= WHAT THE EXERCISE ASKS =
Set the data down exactly as it stands, and keep its pictures out.

= GIVEN DATA =
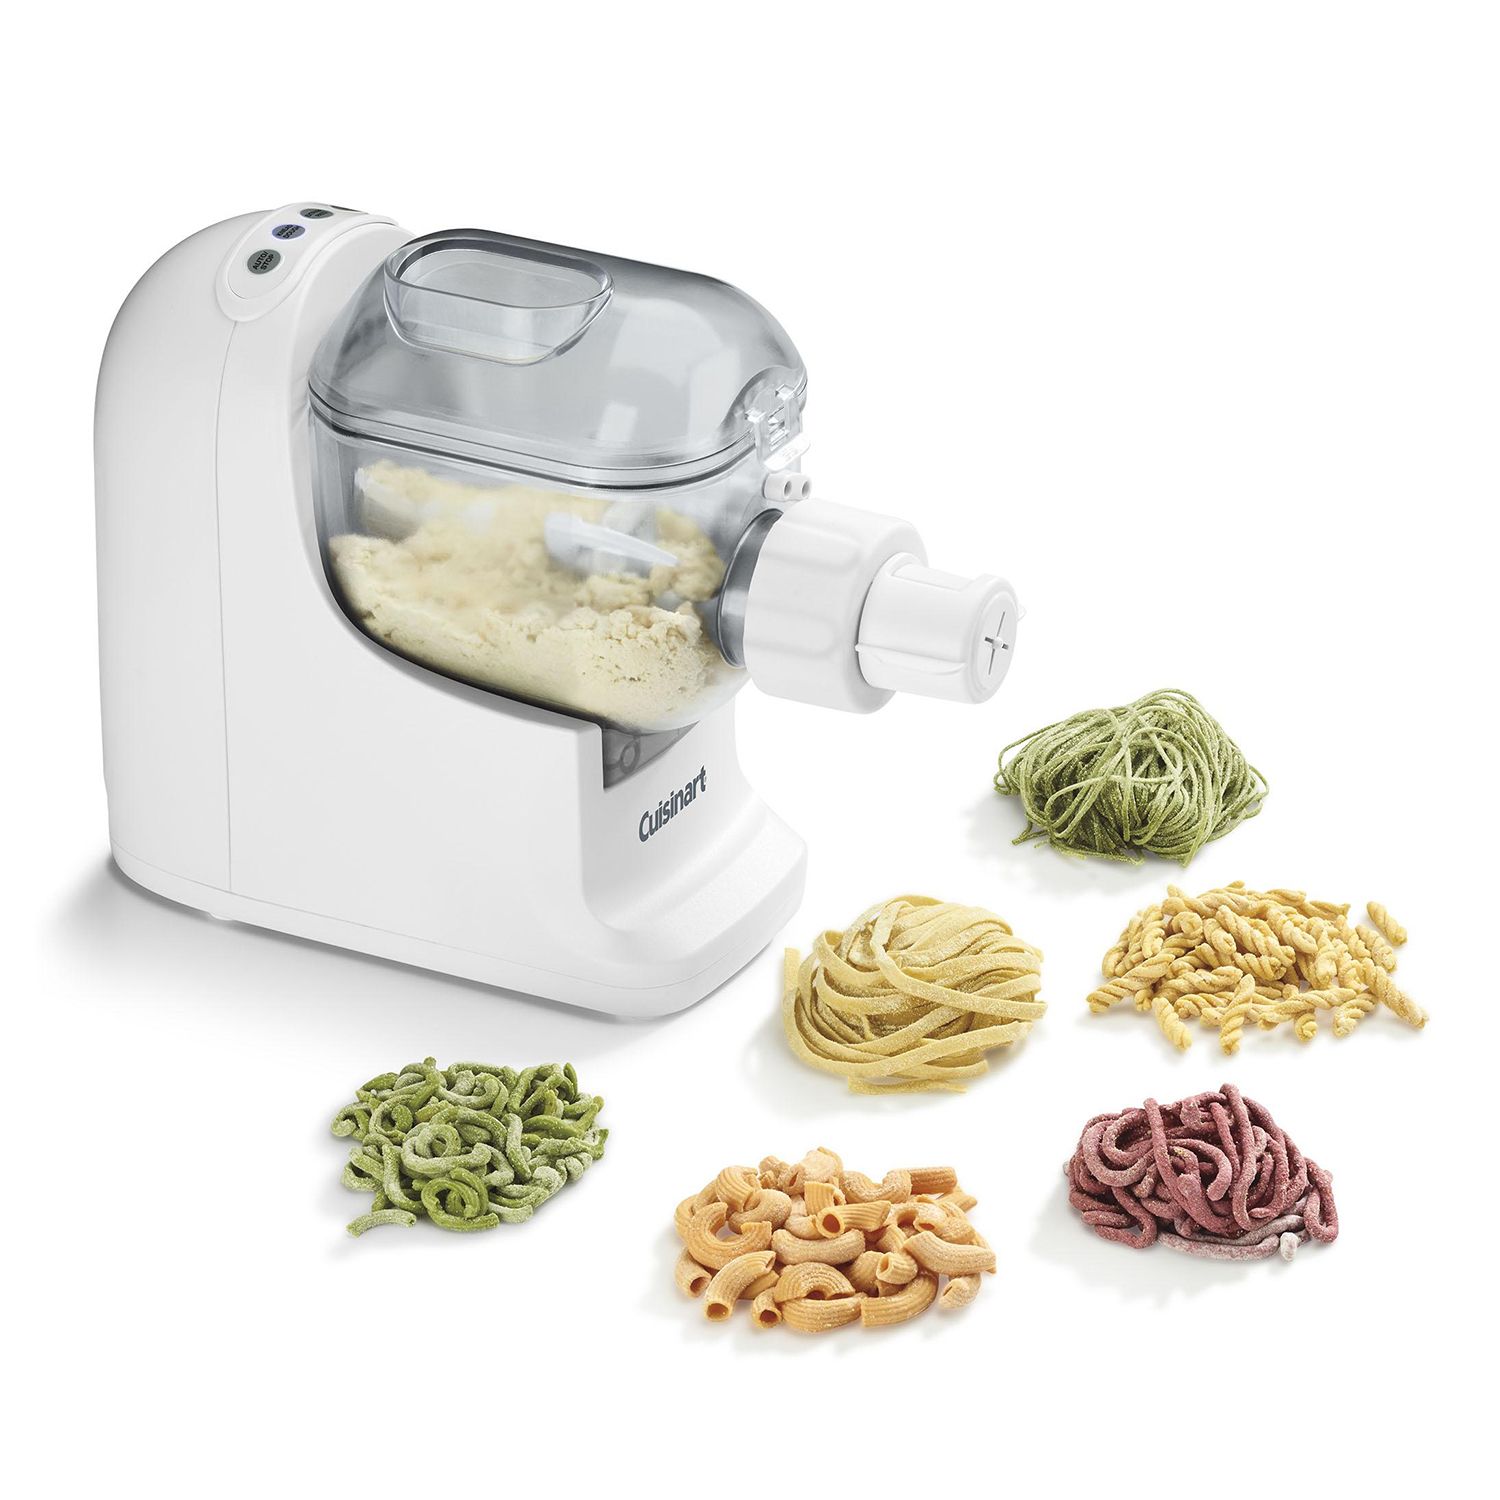 GEKER Electric Pasta Maker Machine, Automatic Pasta and Noodle Maker- 6  Noodle Shapes to Choose- Home Pasta Maker for Spaghetti,Fettuccine,Macaroni,  Dishwasher Safe Parts - Coupon Codes, Promo Codes, Daily Deals, Save Money
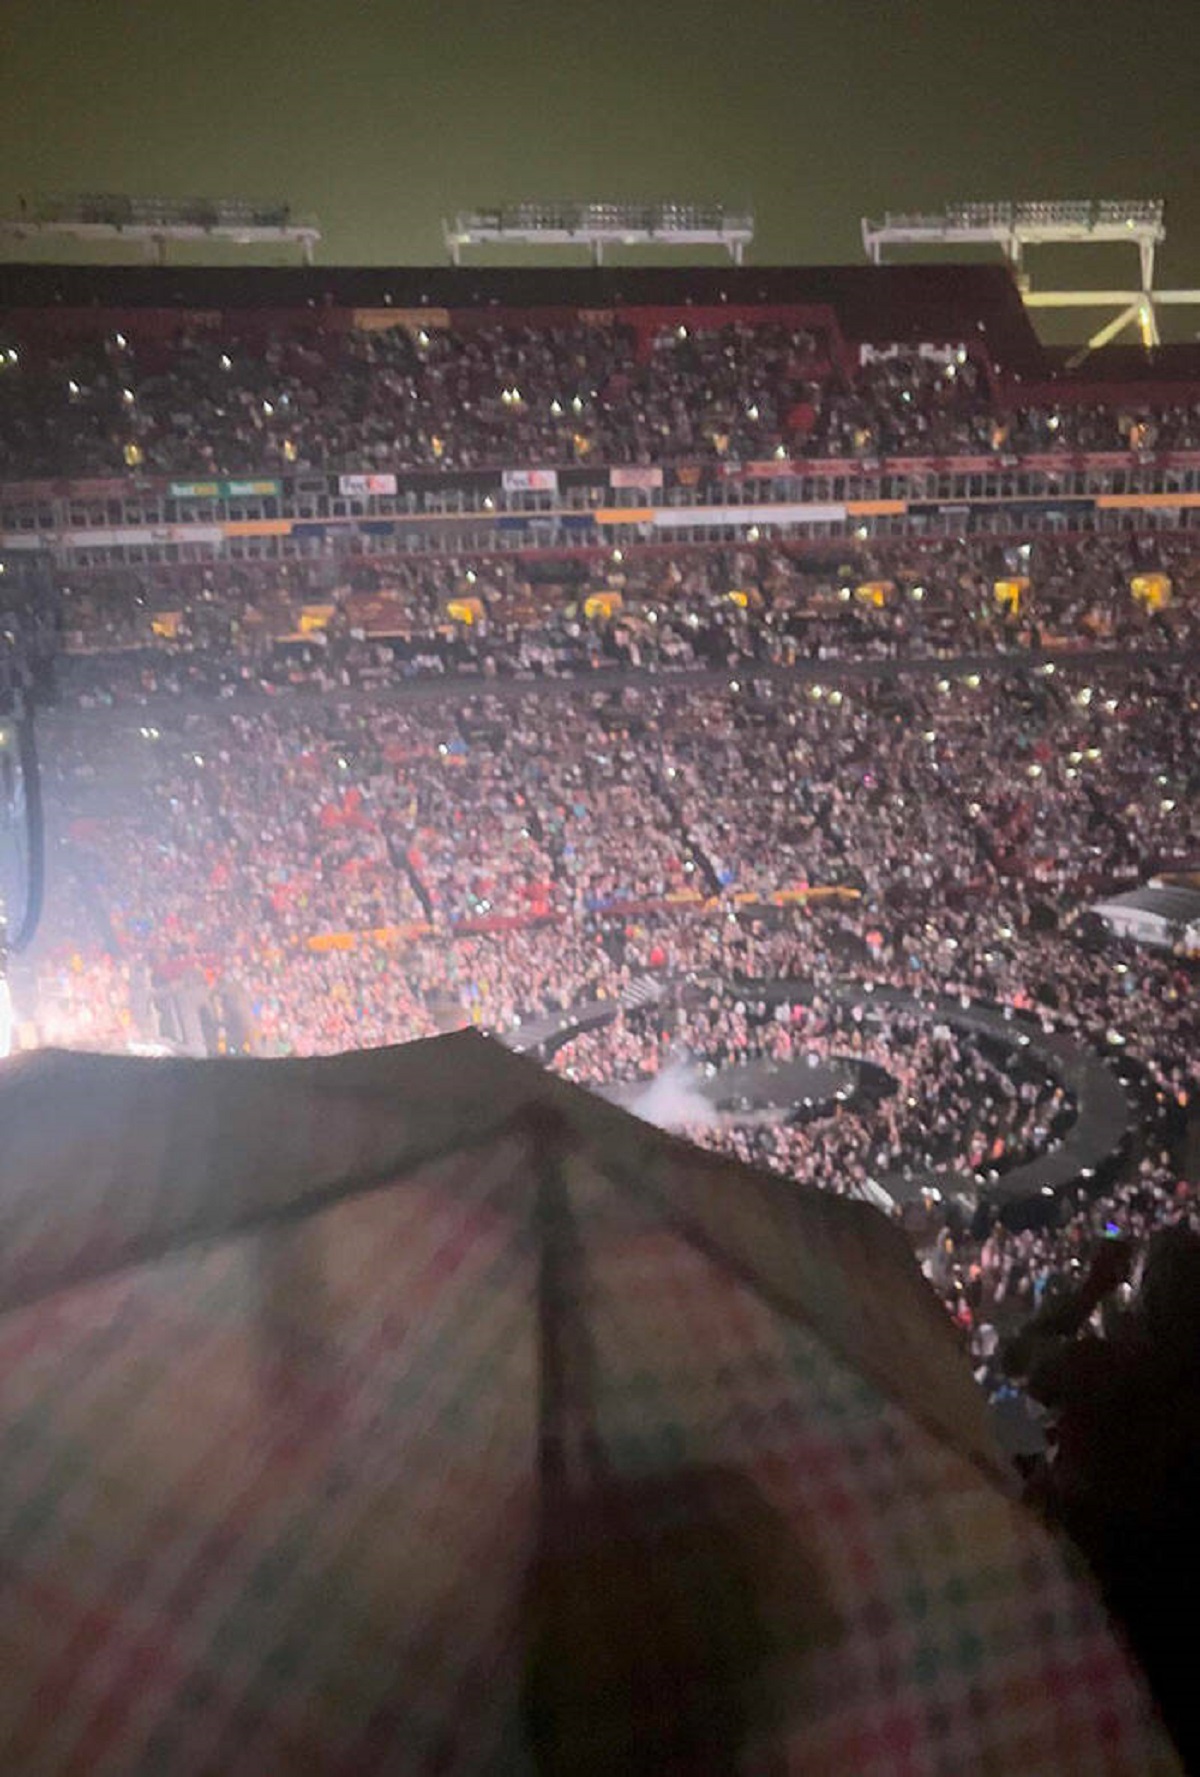 "Went To A Concert And Got The Umbrella View (Yes I Asked Her To Put It Away… She Did Not)"
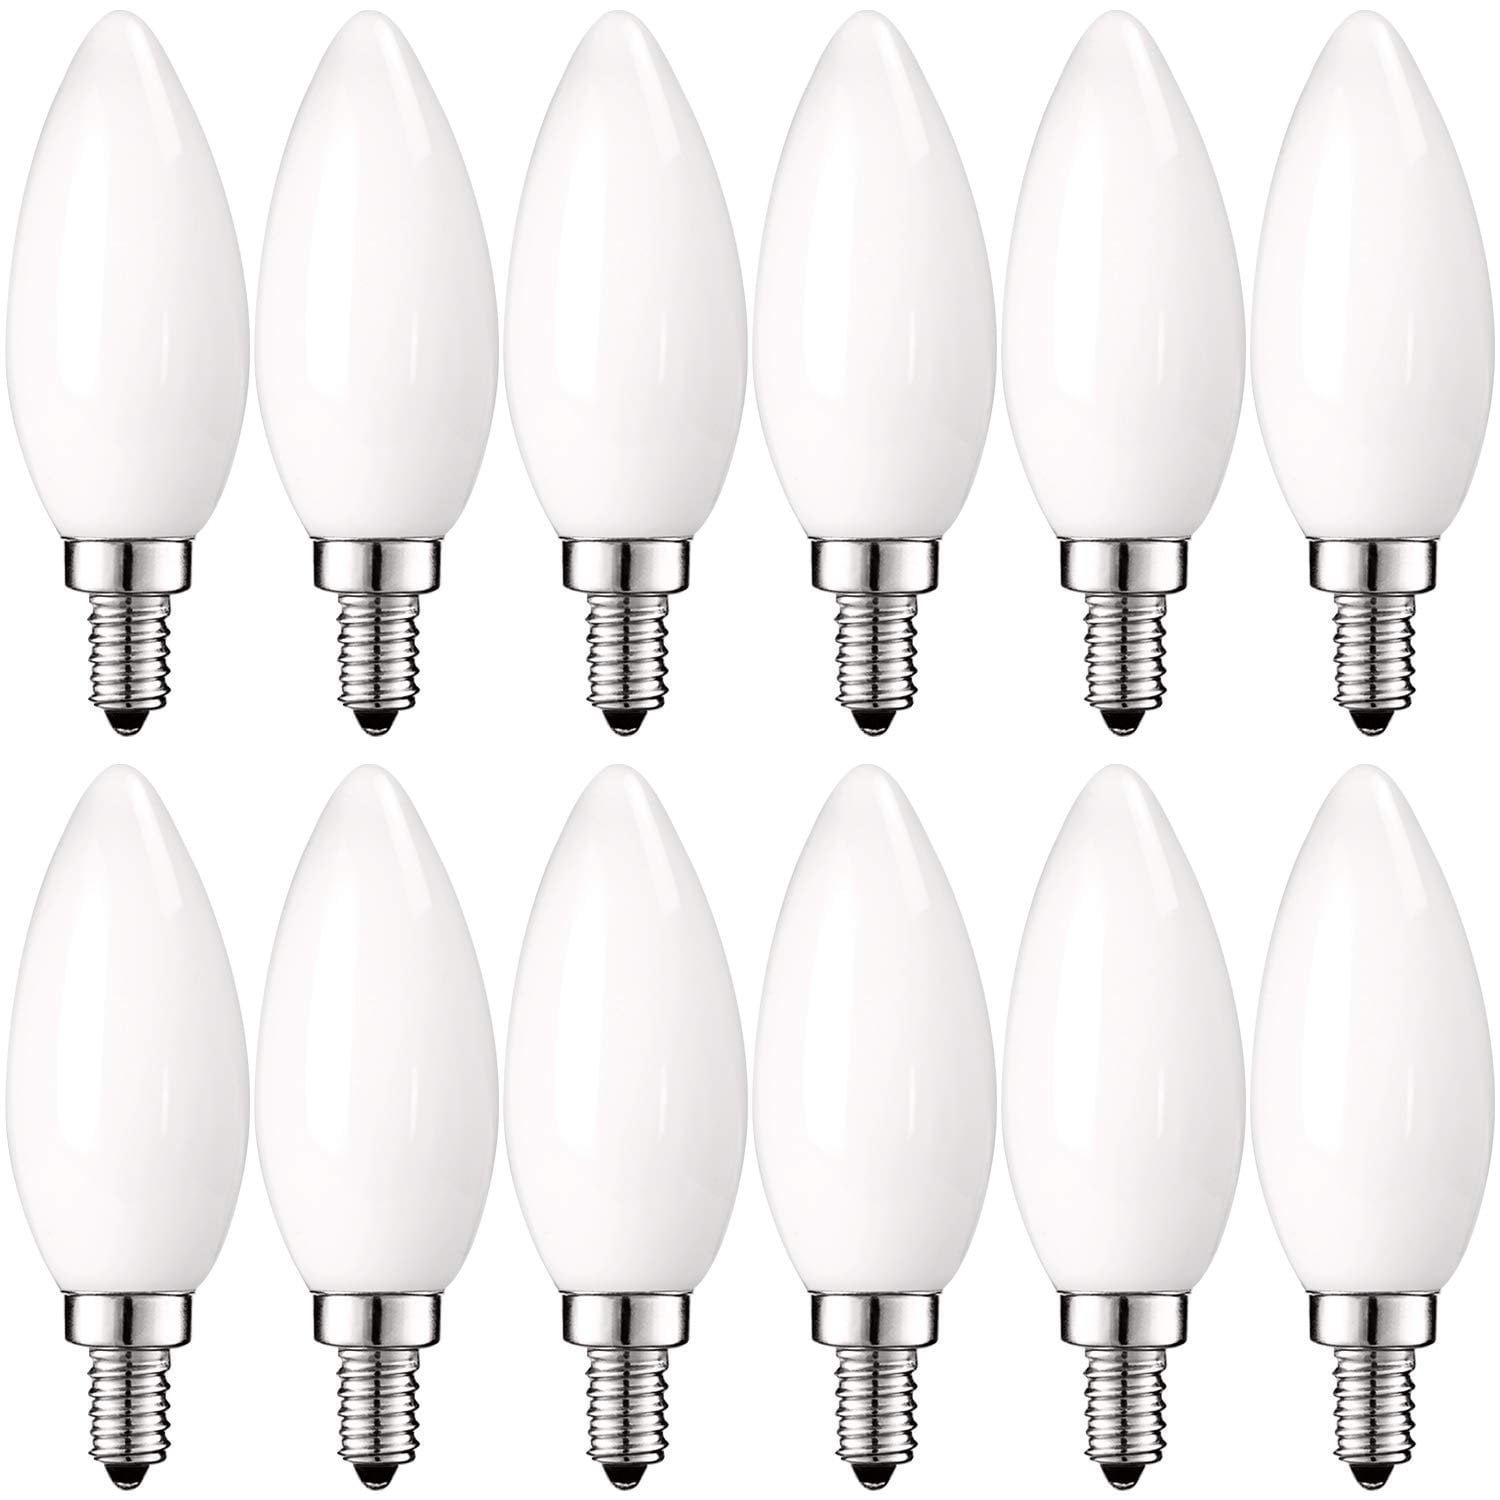 LED Filament Candelabra Bulb Dimmable Chandelier Candle Light B11 E26 60W 12Pack

= TASK ANSWER =
 GEKER Electric Pasta Maker Machine, Automatic Pasta and Noodle Maker- 6  Noodle Shapes to Choose- Home Pasta Maker for Spaghetti,Fettuccine,Macaroni,  Dishwasher Safe Parts - Coupon Codes, Promo Codes, Daily Deals, Save Money
 "Went To A Concert And Got The Umbrella View (Yes I Asked Her To Put It Away… She Did Not)"
 LED Filament Candelabra Bulb Dimmable Chandelier Candle Light B11 E26 60W 12Pack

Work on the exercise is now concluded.